A tinny voice asks from the vocal booth, “So, did you get that?”
How do you answer? Even if you know the take was recorded, how do you know if you “got that?” Is it even possible to capture “that” on magnetic tape? I mean, even listening to the recording 50 years later on high-end gear, I’m still not sure I “get that.” There’s something mystical about it.
Go ahead, listen to it right now. You can skip right to 2:22-2:52 if you want to cut to the chase.
I’m a believer in all things scientific. I’m even skeptical of my own skepticism, but those 30 seconds are magical. I have to believe that for the duration of that take the recording studio was enchanted, lifted out of our mundane world and placed in one a thousand times more vivid in every way. Using wizardry of some sort, Van Morrison initiated an alchemical process that infused his voice with all the feels in the human experience.

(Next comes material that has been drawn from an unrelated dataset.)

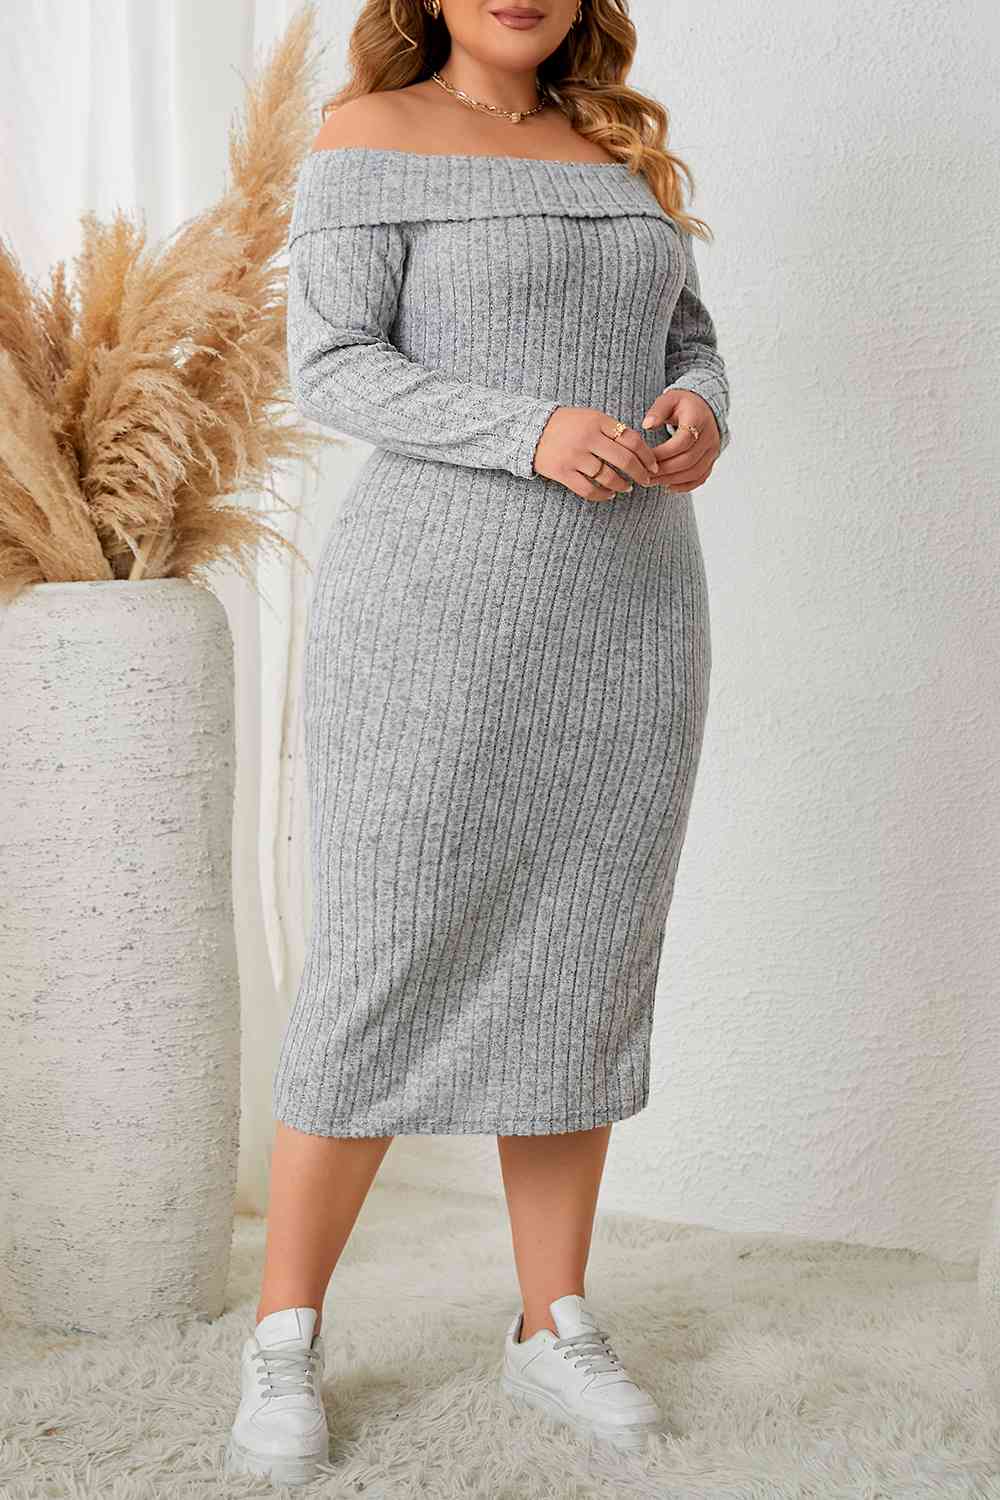 TEEK - Heather Grey Plus Size Long Sleeve Slit Dress DRESS TEEK Trend

If you’re lucky, you’ve witnessed some magic yourself. Maybe you were only a football field away, dancing in a sea of 10,000 fans when Keith Richards played the opening chords to “Start Me Up.” Or maybe an unassuming woman hit a note in a country song at an open mic that forced you to hold back tears. I saw The Jesus Lizard singer David Yow dive 15 feet into the crowd at the precise moment the band hit a thundering note with the precision of a Swiss watch.
One of the things that makes these moments “magical” is our inability to really describe their power. And the more magical the moment we’ve witnessed, the more difficult it will be to describe how it made us feel in a way that does justice to the experience.
What is magic? Different dictionaries will give you different dictionaries. Words like “inexplicable,” “remarkable” or “surprising” get thrown around.
The musician is a magician insofar as she or he can induce an indescribable experience in the listener. Or, as James Baldwin puts it in his short story “Sonny’s Blues,” “The man who creates the music is hearing something else, is dealing with the roar, rising from the void and imposing order on it as it hits the air. What is evoked in him, then, is of another order, more terrible because it has no words, and triumphant, too, for that same reason.”
These magical musical moments don’t just make us feel a particular emotion. A song like Cat Stevens’ “Trouble” does more than make us (OK, me) cry. Sad songs don’t just make us sad; they can teach us how to be sad. They help acclimate us to our own inner emotional territory. The magic comes from the fact that the songs, like all good art, offer us access to our emotions in a more fundamental way, while eluding all attempts to describe or even fully understand the process.
And we need all the magic we can get right now.